Prompt => Copy exactly the stretch of lines from the one holding "Chaminda Vaas celebrates" through the last line of the data below, inclusive. Leave out pictures.
(Data block)
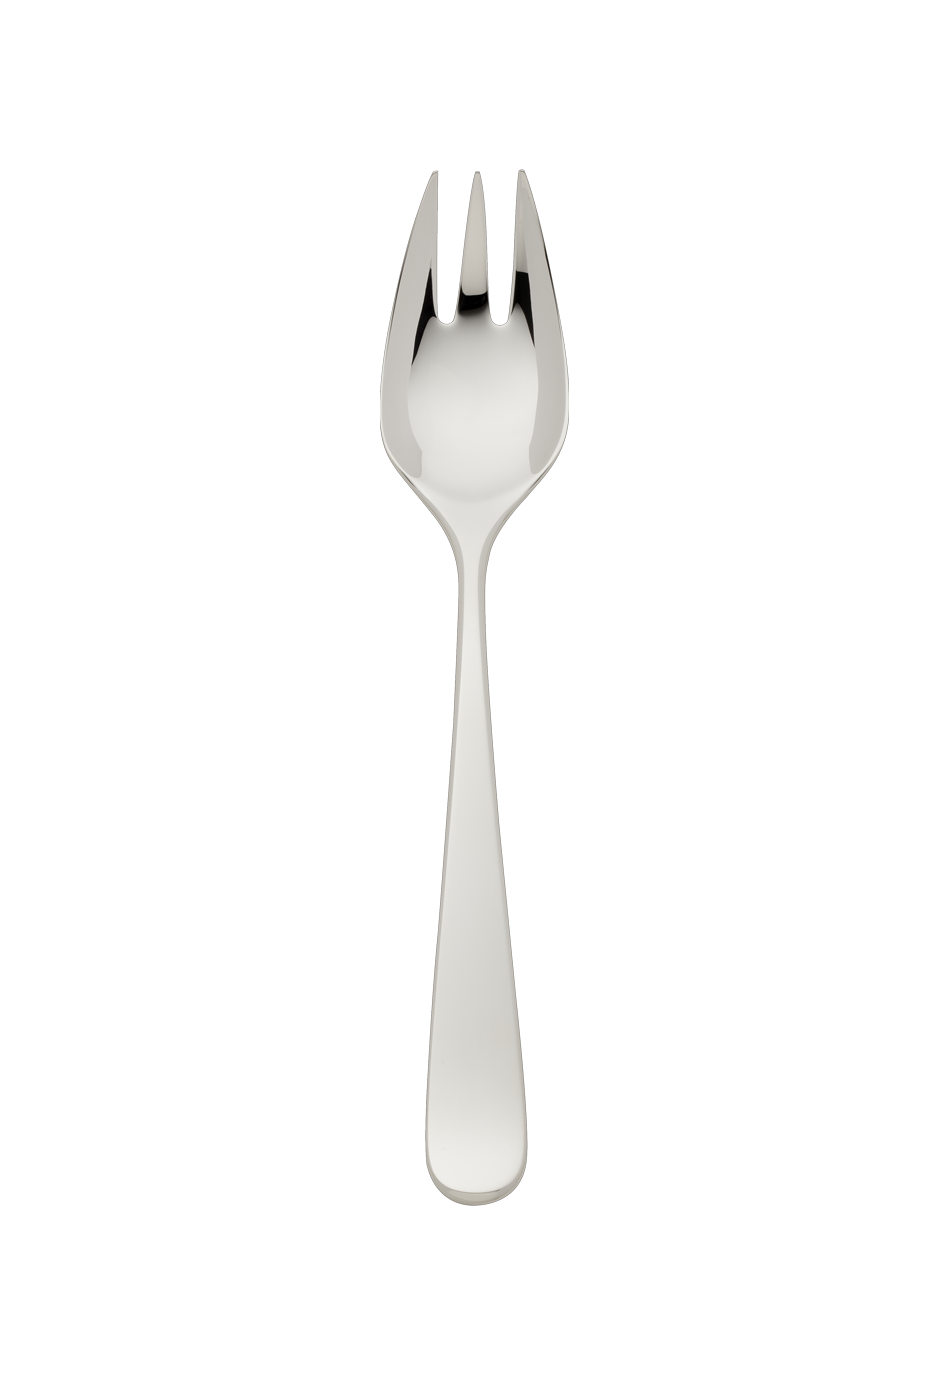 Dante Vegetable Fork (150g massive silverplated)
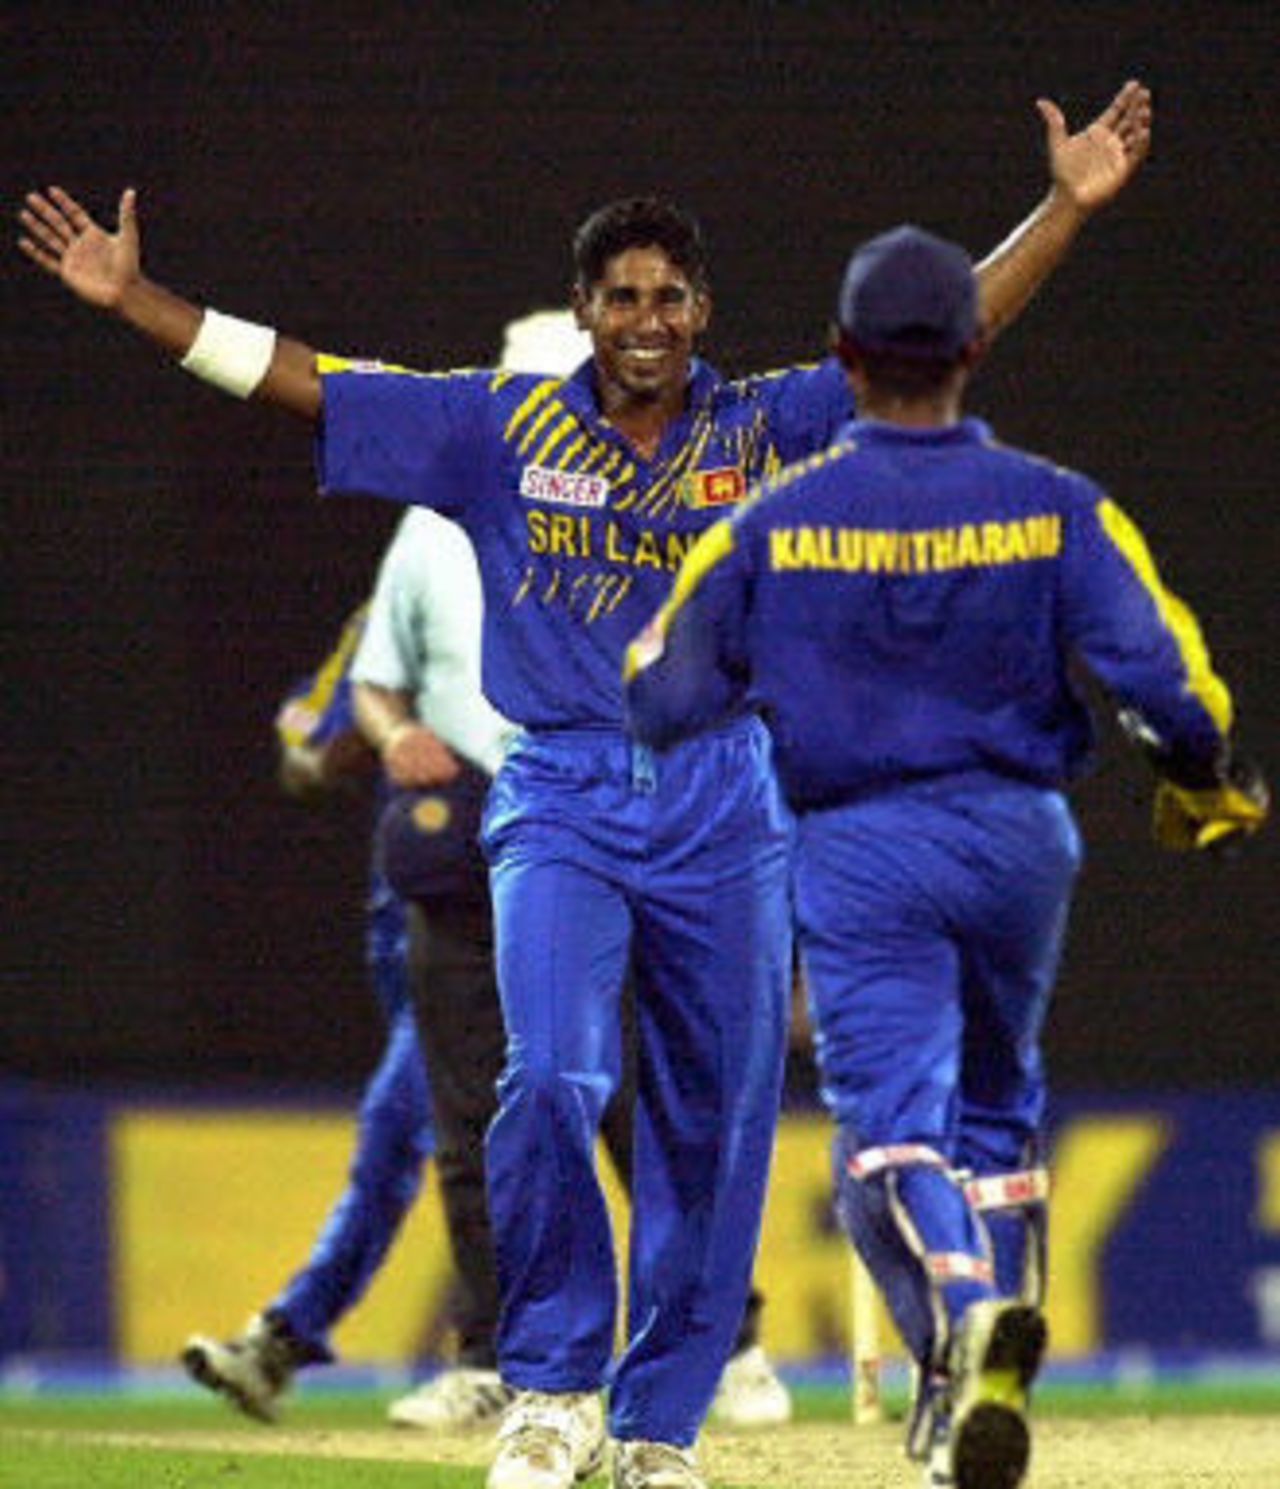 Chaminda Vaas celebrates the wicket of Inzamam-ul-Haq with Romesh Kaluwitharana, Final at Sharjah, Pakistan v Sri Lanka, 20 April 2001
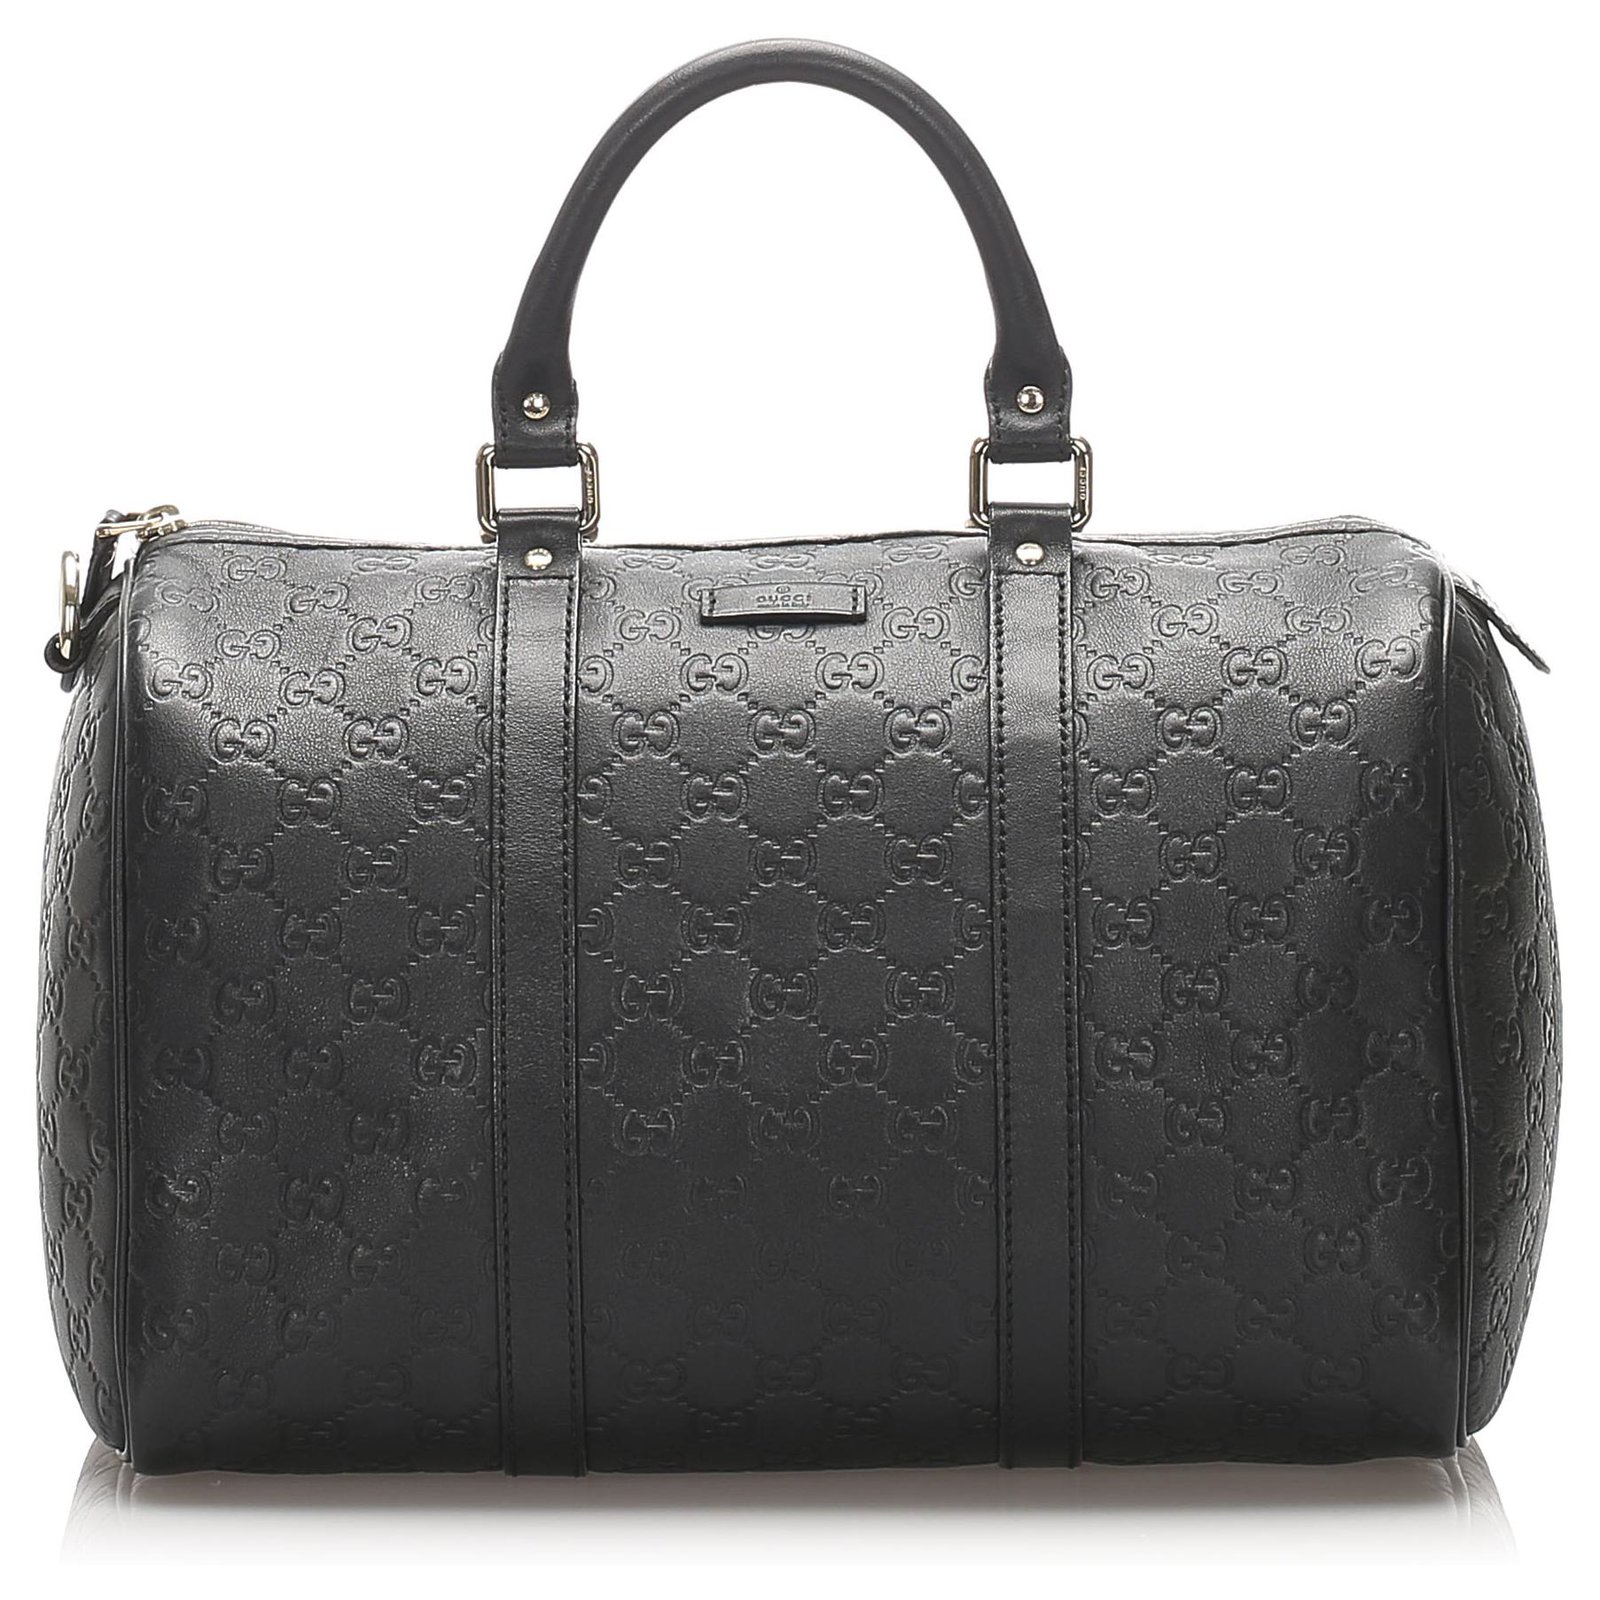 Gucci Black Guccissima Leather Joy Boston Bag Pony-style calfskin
(End Data block)
Response to the task =>
 Chaminda Vaas celebrates the wicket of Inzamam-ul-Haq with Romesh Kaluwitharana, Final at Sharjah, Pakistan v Sri Lanka, 20 April 2001
 Gucci Black Guccissima Leather Joy Boston Bag Pony-style calfskin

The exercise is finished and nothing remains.